The country has an annual vegetable oils’ consumption of around 2.5 million ton, out of which 1.5 million tons are imported. Imports so far comprised around 1.3 million ton refined, bleached and refined palmolein, 150,000 tons refined palm oil and 50,000 tons soy oil.
The authorities believe the setting up of refining units in the country would not only provide business opportunities to domestic companies and generates employment for the local populace, it would also help reducing import bill to some extent.
“The refined edible shares a big chunk in total annual imports every year,” said a commerce ministry official citing recent trade data. “Import taxes are the same for both oils, but soy oil is costlier in the world market and this has proved a dampener for its imports by Pakistan."

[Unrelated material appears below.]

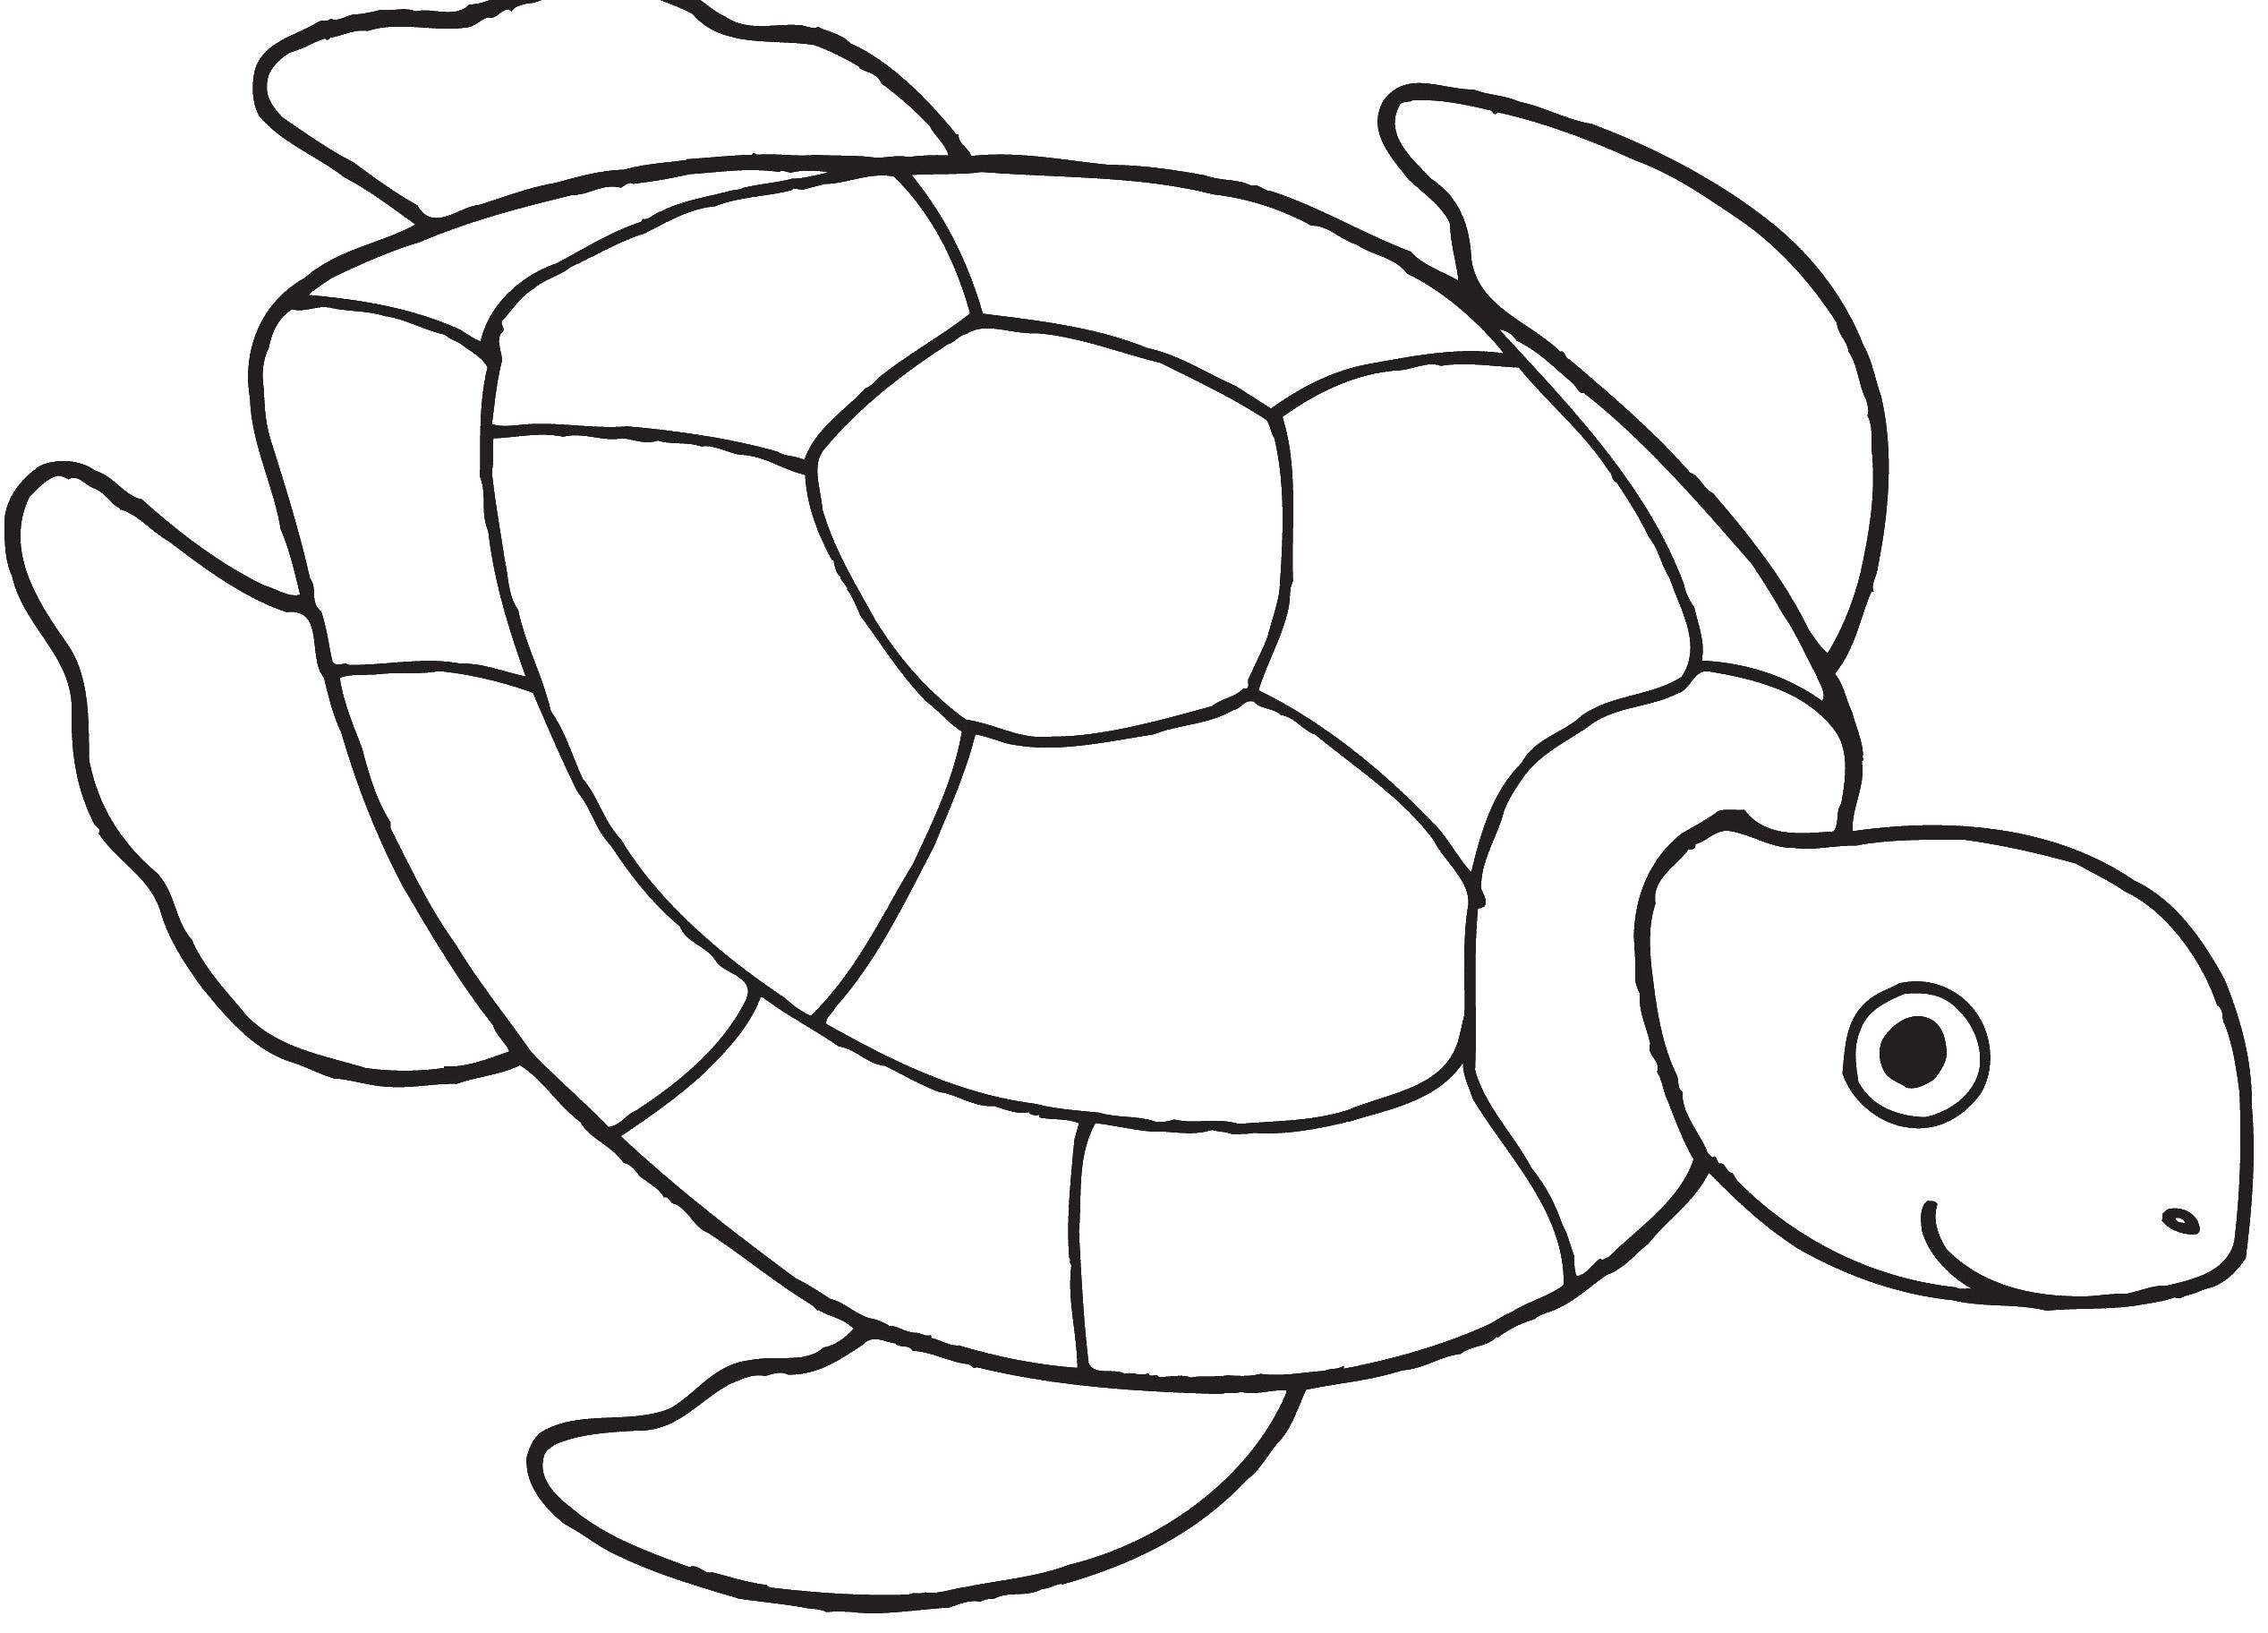 Coloring Floating turtle. Category teenage mutant ninja turtles. Tags:  turtles, sea.

He said initially more than 80 percent of the annual edible oil imports used to be from Malaysia, but now Indonesia had a significant 40 percent share in the country’s total palm oil imports.
Traders see the imports of refined edible declining in the days to come as some four edible oil refineries under joint ventures of local and foreign investors are likely to start operations later in the year.
"Work on a couple of refineries has already begun," said a senior trader privy to the development. "The first one is being set up at Port Qasim under a joint venture between Pakistan and Singapore for which a deal was signed between the Port Qasim Authority and the investor company."
He said the refinery, with storage facility, was being set up at an estimated cost Rs 624 million and the Singaporean investor company had entered into the agreement with Port Qasim Authority for the setting up of the unit.
"As per agreement 45 percent cost of the project will be shared by the Pakistani investor and 55 percent by Singapore firm Wilmar," he added. "The other projects are also designed for Karachi in the same industrial area and in which one has some foreign stakes."